Si llevas un tiempo dándole vueltas a introducirte en la práctica del yoga, deja de pensar y anímate. Se trata de una disciplina cada vez más extendida por sus enormes aportaciones para la salud física y mental. Además, si realizas tu práctica al aire libre, estarás añadiendo aún más ventajas. ¡Te lo contamos!

El yoga busca alcanzar la plenitud mediante una serie de descubrimientos internos. Y es que, cuando las personas somos capaces de escucharnos a nosotros mismos, con respeto y atención, todo parece dar un giro positivo. Centrarnos en el momento presente tiene muchos beneficios sobre la manera de ver la vida y enfrentar ciertas situaciones. Por ello, el yoga, en cualquiera de sus vertientes, ofrece herramientas con las que enfrentar el mundo. ¡Por algo cada vez más personas se animan a integrarlo en sus vidas!

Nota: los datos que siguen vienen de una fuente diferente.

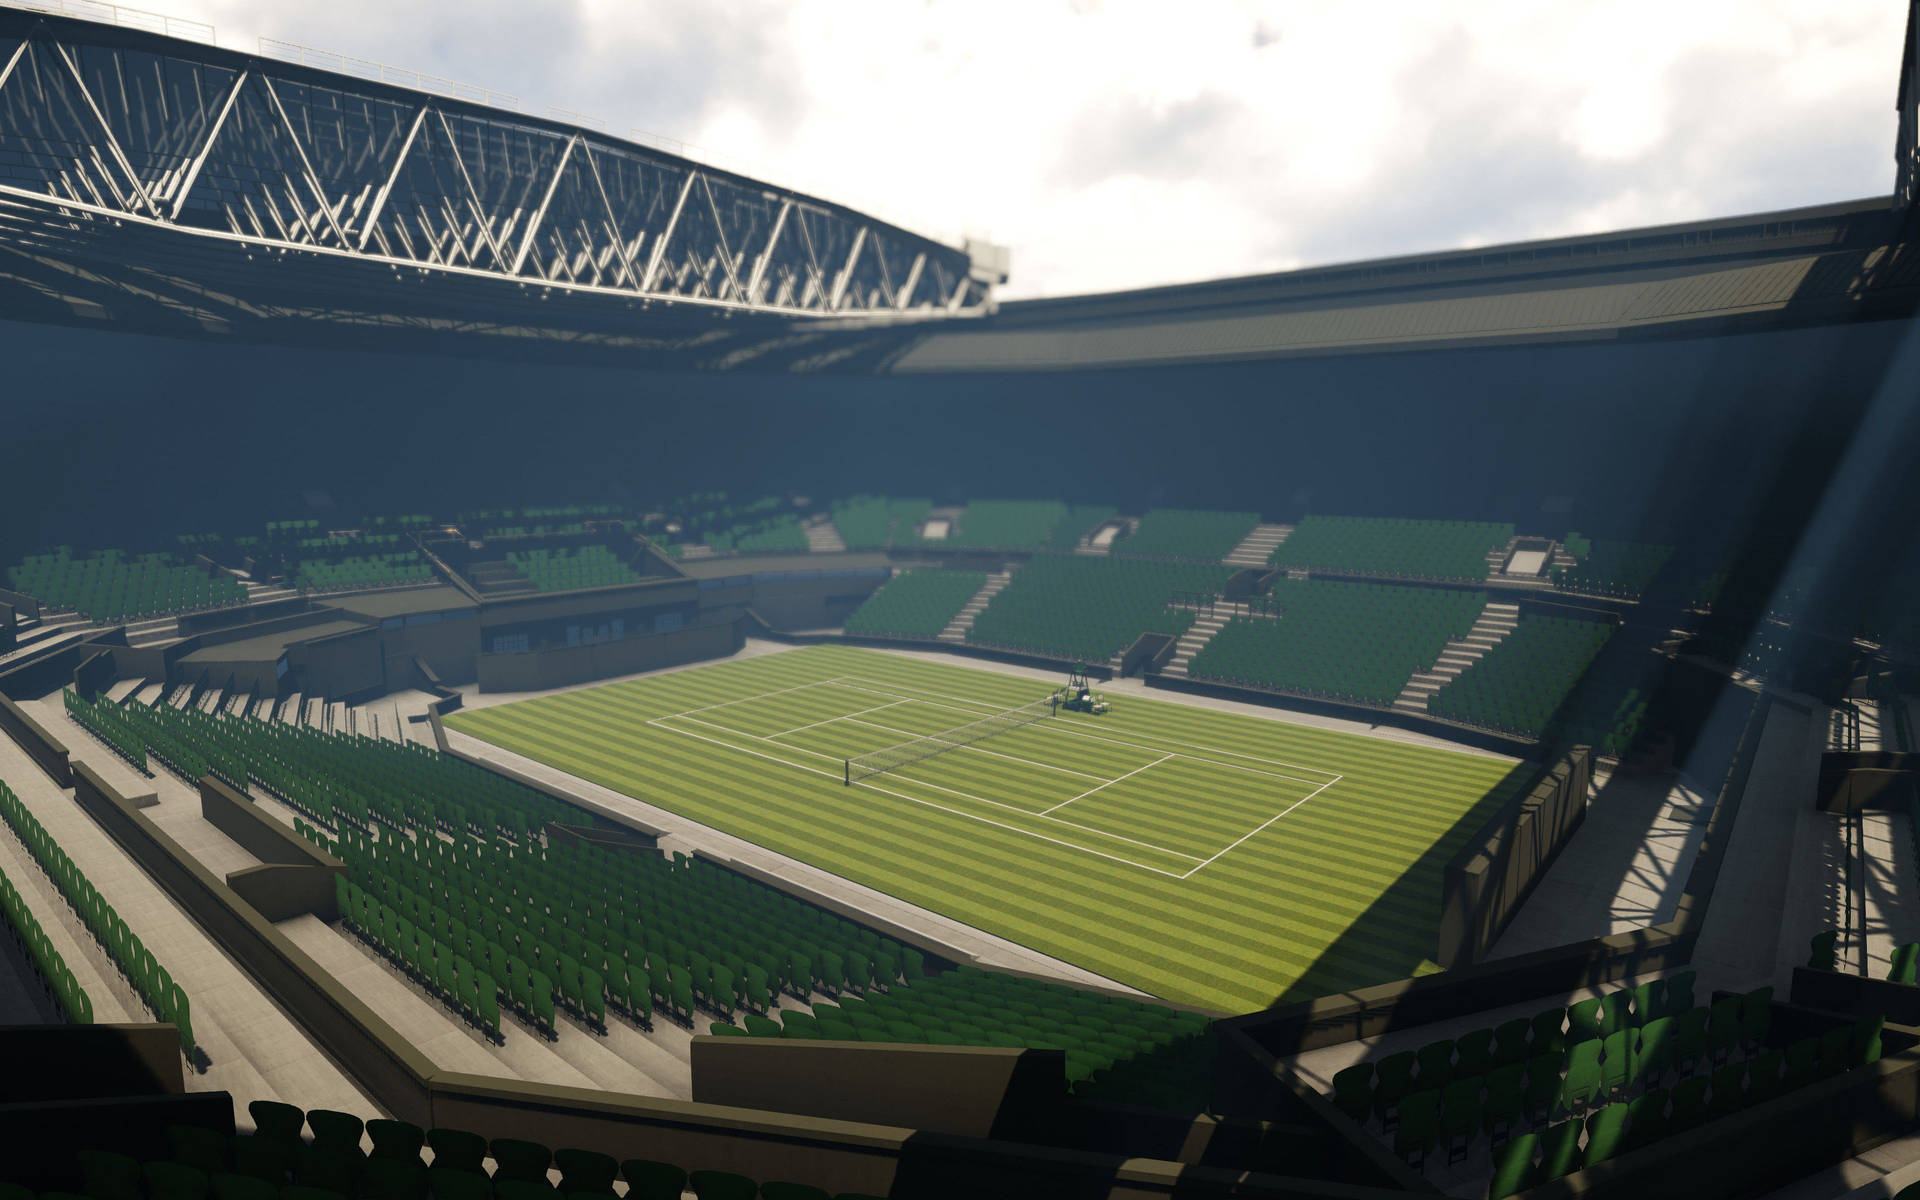 Wimbledondigital Erstelltes Stadion Wallpaper

Beneficios de practicar yoga al aire libre

1. Mejora la concentración

Nuestro cuerpo estará disfrutando del ambiente de la naturaleza. Los sonidos de la misma, el aire puro, la amplitud… nos permitirán alcanzar la concentración con más facilidad.

2. Recarga la energía

Pasar tiempo en la naturaleza libera tensiones y estrés acumulado, y aumenta la energía de nuestro organismo. Si, además, realizamos la práctica al aire libre, nuestros cinco sentidos se agudizan y fortalecemos el cuerpo y la mente.

3. Paz interior

Cuando estamos en silencio y nos escuchamos a nosotros mismos, podemos encontrar muchas respuestas y lograr la serenidad que tanto necesitamos. El ruido de los quehaceres cotidianos, a veces interrumpe la escucha de nuestros propios deseos. La naturaleza es la mejor opción para lograr la paz interior.

4. Repirar aire puro

Practicando los ejercicios de respiración en el exterior, introducimos aire más puro y limpio en nuestro cuerpo. Prestar atención a la respiración y aprender a hacerlo de la manera correcta, es uno de los caminos del yoga hacia el bienestar.

5. Equilibrio interno y externo

Realizar yoga sobre distintos terrenos, nos hace trabajar de una forma más completa y nos enseña a adaptarnos a los  distintos relieves (arena, hierba, roca,…). Además, las ventajas de los sonidos del ambiente, favorecen la escucha y equilibran nuestro interior. Practicar yoga al aire libre es un auténtico regalo para nuestro ser.

6. Vitamina D

Si lo practicamos en momentos de sol, preferiblemente por la mañana o a última hora de la tarde, estaremos adquiriendo la vitamina D tan necesaria para nuestro cuerpo. Recuerda utilizar protector solar, aunque el sol no sea muy fuerte.

Disfruta de lo agradable que resulta practicar yoga en el exterior y empápate de energía y vitalidad. ¿A qué estás esperando?